======== DATASET RECORDS
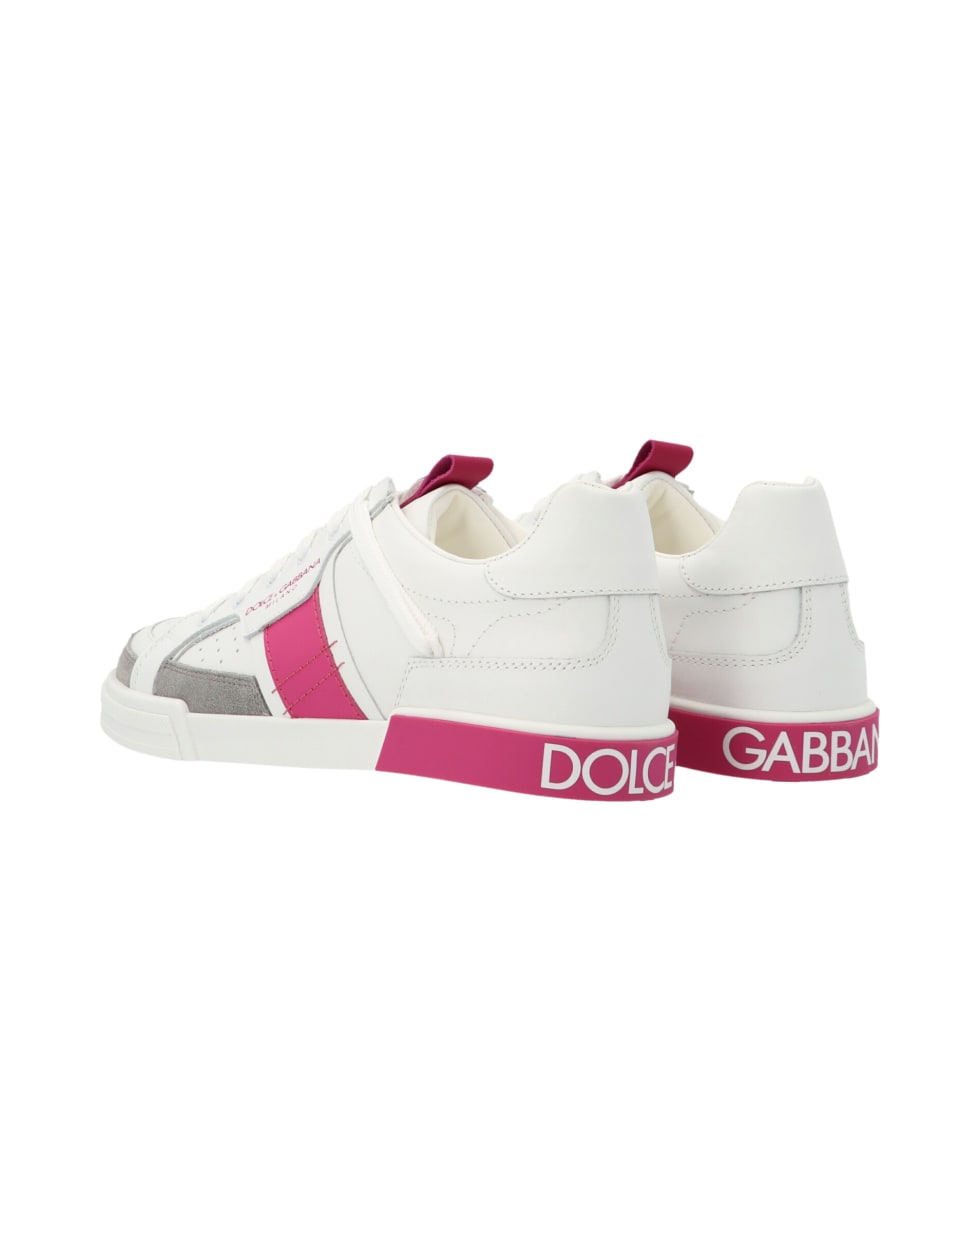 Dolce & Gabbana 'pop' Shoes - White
================
======== DATASET RECORDS
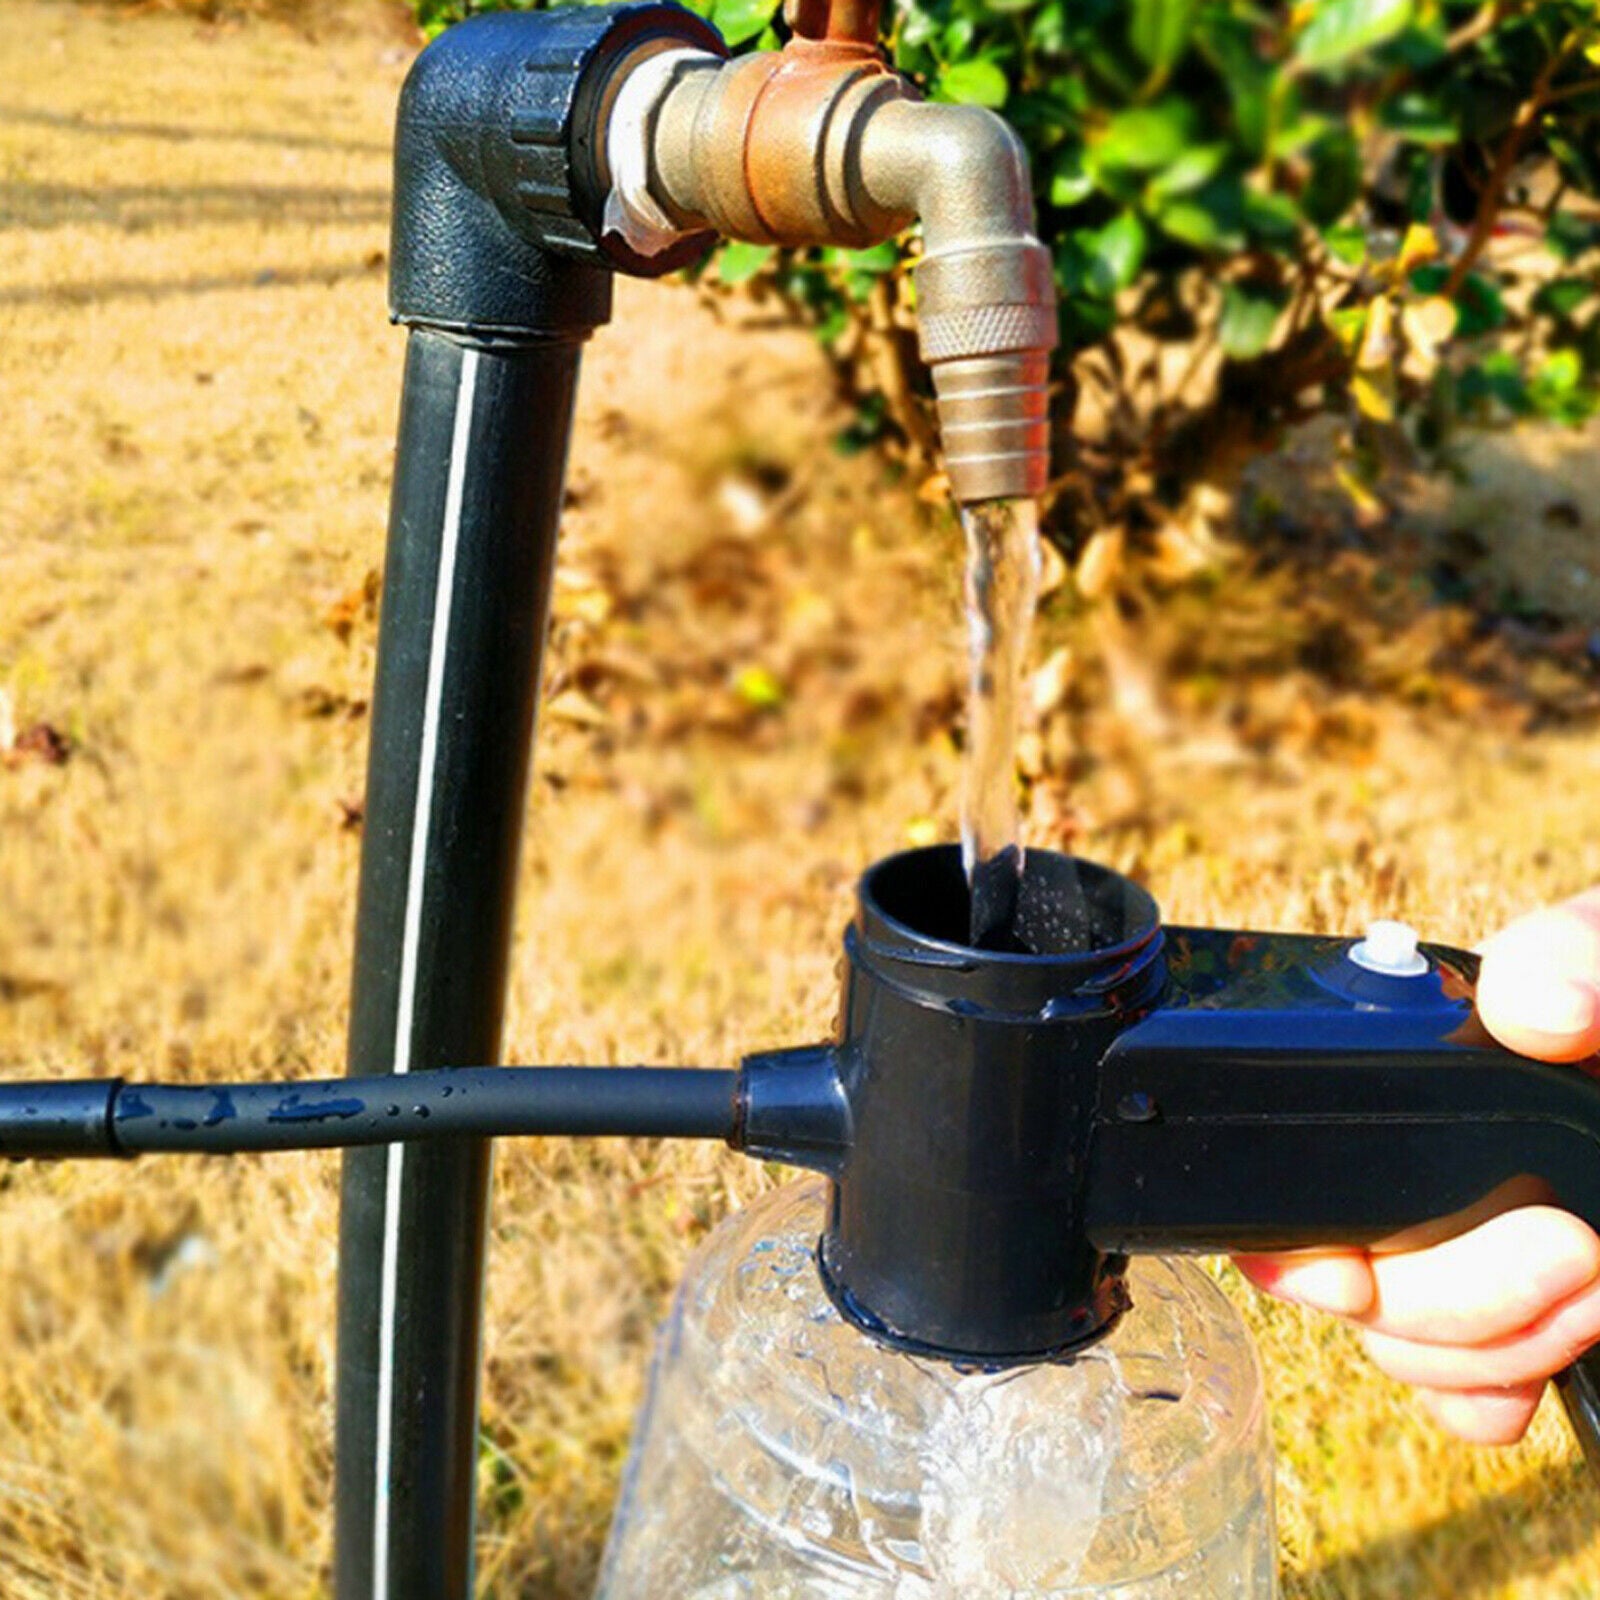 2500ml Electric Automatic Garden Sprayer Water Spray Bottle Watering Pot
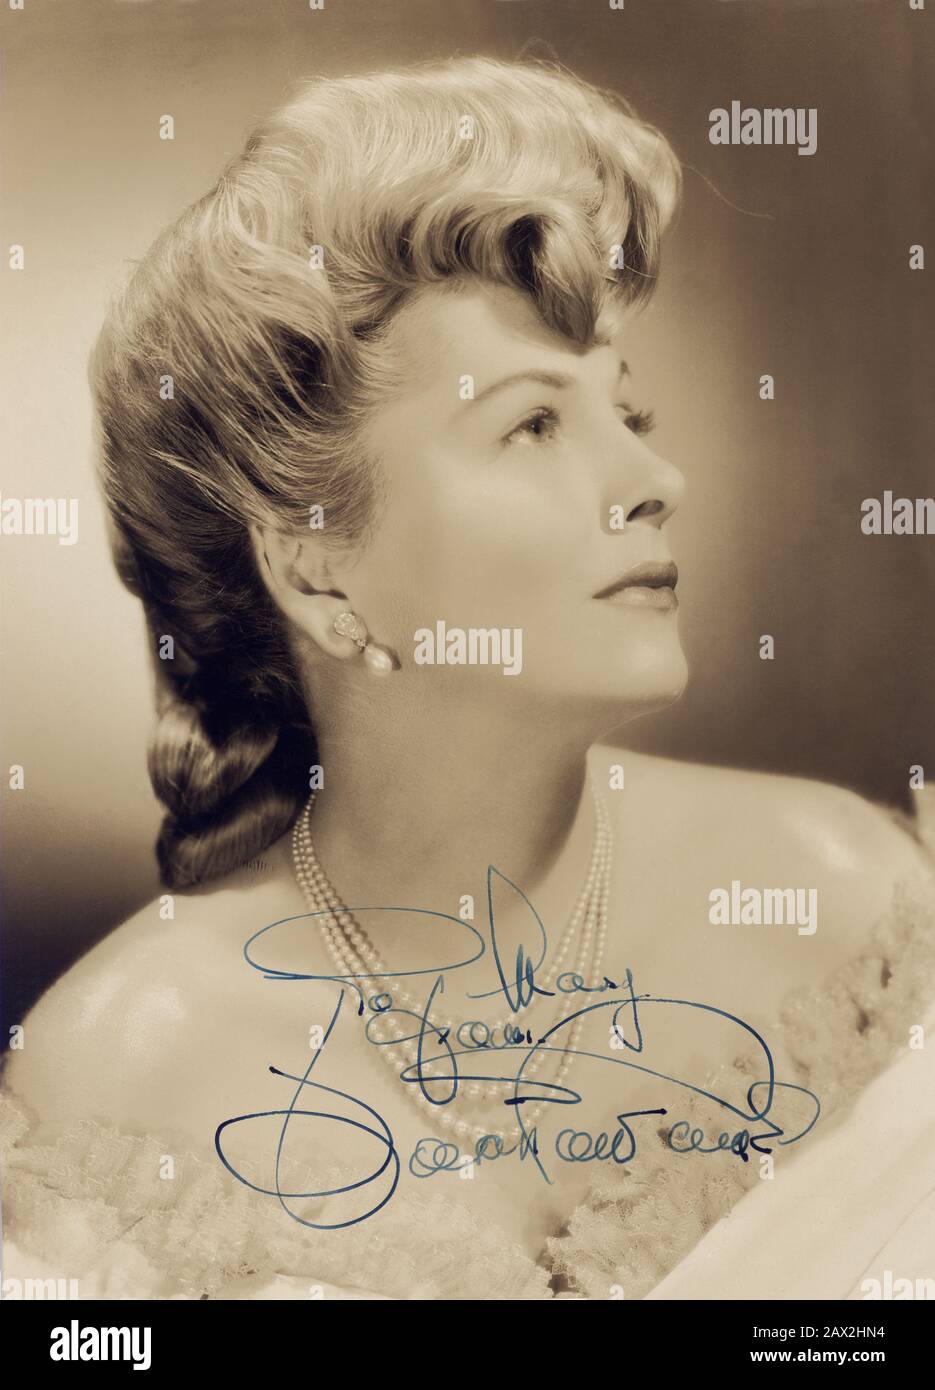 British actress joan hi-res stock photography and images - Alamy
================
• ASSIGNED TASK:
Return word for word the lines of the listing above, starting at the line with "2500ml Electric Automatic" and ending at the line with "British actress joan", both included. Pictures do not belong in the copy.

• ANSWER SECTION:
 2500ml Electric Automatic Garden Sprayer Water Spray Bottle Watering Pot
 British actress joan hi-res stock photography and images - Alamy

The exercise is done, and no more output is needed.